Это своё письмо я довольно неосмотрительно держал в моём школьном портфеле, поскольку мой друг и однокашник Эдгар Блум намеревался его подписать. Итак, мои воззрения на войну, которые я выражал всеми мыслимыми способами, исключая разве что прямые высказывания, вызвали подозрение окружающих, а один из моих школьных товарищей начал за мной шпионить. Однажды, когда я во время перемены прогуливался по школьному двору, он перерыл мой портфель, наткнулся на это письмо и прочёл его. Скопировать его он за короткое время не мог, зато ему вполне хватило оснований, чтобы уличить меня в подрывной пропаганде в стенах школы. В отношении меня началось общешкольное расследование. Неделя выдалась бурная, однако наш директор, человек прямой и достойный, а вместе с ним мои учителя математики и французского выступили против моего немедленного отчисления. Они добились того, что за год до выпускных экзаменов я ушёл из школы со стандартным свидетельством о неполном её окончании, где было, в частности, написано, что я покидаю гимназию с целью «продолжить образование в частном порядке». Во всяком случае, со мной обошлись достаточно либерально, дав мне возможность позднее сдать экзамены соответствующей комиссии экстерном. Уже в октябре 1915 года я обратился в районный школьный комитет и был переведён в реальную гимназию, что располагалась на Кёнигштетштрассе. Когда я, сдав письменный экзамен, стоял в коридоре возле учительского кабинета, поджидая результатов устного экзамена, ко мне подошёл учитель немецкого и сказал: «У нас возникло недоумение по вашему поводу. Вы, безусловно, одарённый человек и прекрасно выдержали испытание – а я писал у него сочинение на тему “Одним ударом дуб не свалишь”, – но почему вы не стали держать выпускной экзамен в вашей школе, покинув её, как сказано в вашей записке, чтобы “продолжить образование в частном порядке?”» Вопрос меня смутил, и я начал бормотать что-то невнятное, поскольку не мог, не лишив себя шансов на будущее, признаться, что уйти мне пришлось из-за моих непатриотических высказываний. Итак, я вконец растерялся. «А, понимаю, – сказал мой преподаватель и добродушно похлопал меня по плечу. – Замешана девчонка». И с этими словам удовлетворённо зашагал обратно в кабинет. Соблазнить девушку считалось лишь небольшим проступком джентльмена, не более. Итак, экзамены на аттестат зрелости вскоре остались позади.
Мой отец, что неудивительно, был весьма раздосадован моим вылетом из школы, да ещё по такой причине. С него хватит, сказал он и решил отправить меня в Штеттин или Грайфсвальд обучаться профессии «селёдочника»[55], что на берлинском диалекте означало что-то вроде лавочника.

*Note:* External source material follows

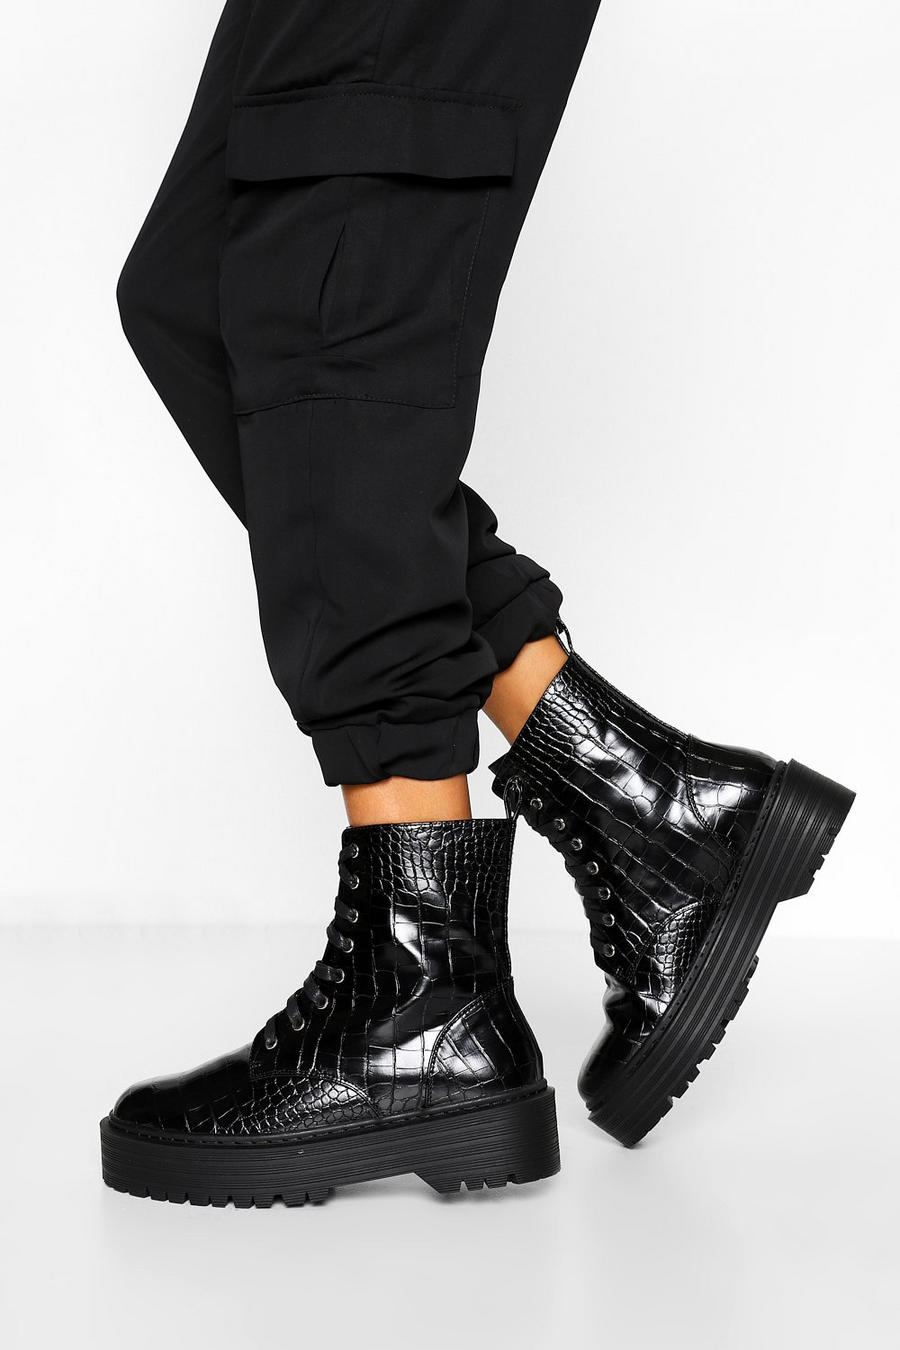 Scarponcini a calzata ampia effetto coccodrillo con suola spessa, Nero negro

Дядя Теобальд и тётушка Кэти Шипан-Хирш вступились за меня, а один из друзей тётки, прознавший о моей великой беде, вспомнил слух о существовании некой интересной статьи в статуте Берлинского университета. Он пустился в розыск, уточнил детали и вскоре открыл ей «тайну» так называемого малого списка. Тётка сразу же отправилась к моему отцу и объяснила ему, что в действительности нет худа без добра, и что я не только вышел из переделки невредимым, но и больше того, выиграл целый год. Речь шла о статье, согласно которой каждый, кто предоставит доказательства о неполном (минус один-два года) окончании средней школы, может быть зачислен в университет на четыре, а то и на шесть семестров, правда, только на философский или сельскохозяйственный факультеты. Он получает равные права с остальными, кроме одного: сдавать университетские экзамены. Если же он во время учёбы сдаст экзамены средней школы на аттестат зрелости, то выпавшие годы причисляются к его студенческому стажу. Разумеется, прусская администрация, вводя эти льготы сто лет назад, печалилась не обо мне, а о сыновьях юнкеров, которым предстояло вступить во владение отцовским наследством, а вот по части духовного наследия дела у них зачастую обстояли не так благополучно. Как нормальные студенты названных факультетов они получали возможность повысить как общее своё образование (в области истории, философии и политической экономии), так и профессиональное, но прежде всего – и в этом, очевидно, состояла главная цель данного положения – они на равных правах вступали в студенческую корпорацию, оттачивали свои социальные навыки, заводили знакомства. Власти, конечно, не собирались придавать этой правовой статье сколько-нибудь широкую огласку: хотя сформулирована она была по общим канонам правового государства и касалась всех, однако привилегии принесла лишь малому общественному слою. Да, эта статья была закреплена в университетском статуте, но кто вообще читает подобные статуты. Если бы наличие малого списка было надлежащим образом обнародовано, то значительное число одарённых еврейских юношей, достигнув шестнадцати лет, оставили бы старшие классы своих школ, ринулись бы в университеты, а учебный материал последних двух лет, необходимый для экзаменов, освоили бы играючи за 6–9 месяцев, что давало бы им огромное преимущество перед другими студентами. На самом же деле мне не пришлось встретить ни одного еврея, который бы знал об этом статуте и тем более как-то им воспользовался.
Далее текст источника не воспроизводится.